Testing the Disaster Recovery Process
With our backup and restore workflows in place, we scheduled regular disaster recovery tests to ensure our team could quickly respond to a real emergency. Every quarter, we:
- Spin up a test MongoDB instance
- Restore a recent backup to the test instance
- Verify data integrity and test application functionality
- Practice the entire recovery procedure with an engineer who hadn't performed it before
- Document any issues or improvements
These tests proved invaluable when we did face a real data loss situation six months later. Our team was able to restore from backups with confidence and minimal downtime.
Lessons Learned
Implementing this MongoDB backup solution with GitHub Actions taught us several important lessons:
- Credential management is critical: Proper escaping of special characters in connection strings and secure handling of credentials can prevent numerous headaches.
- Network security requires planning: Consider network access restrictions early in your design process, not as an afterthought.

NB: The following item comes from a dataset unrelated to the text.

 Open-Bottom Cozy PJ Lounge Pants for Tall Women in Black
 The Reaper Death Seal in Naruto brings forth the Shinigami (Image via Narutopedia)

- Verify backups proactively: An unverified backup is potentially useless. Always include verification steps.
- Create backup hierarchies: Having different retention policies for daily, weekly, monthly, and yearly backups provides flexibility for recovery options.
- Test restore procedures regularly: The real test of a backup system is restoration. Practice it regularly.
- Document everything: When disaster strikes, clear documentation makes recovery faster and less stressful.
Conclusion
Using GitHub Actions for MongoDB backups has been a game-changer for our team. We went from a manual, error-prone process to a fully automated, monitored, and tested backup system that has already proven its value in real-world recovery scenarios.
The combination of scheduled workflows, self-hosted runners, secure credential management, and comprehensive verification provides peace of mind that our data is protected. The added benefits of version-controlled backup configurations and integration with our existing CI/CD system make GitHub Actions an excellent choice for database backups.
If your team is already using GitHub, I highly recommend leveraging GitHub Actions for critical operational tasks like database backups. The investment in setting up proper automation will pay dividends the first time you need to recover from a data issue—and you will eventually need to recover, it's just a matter of when.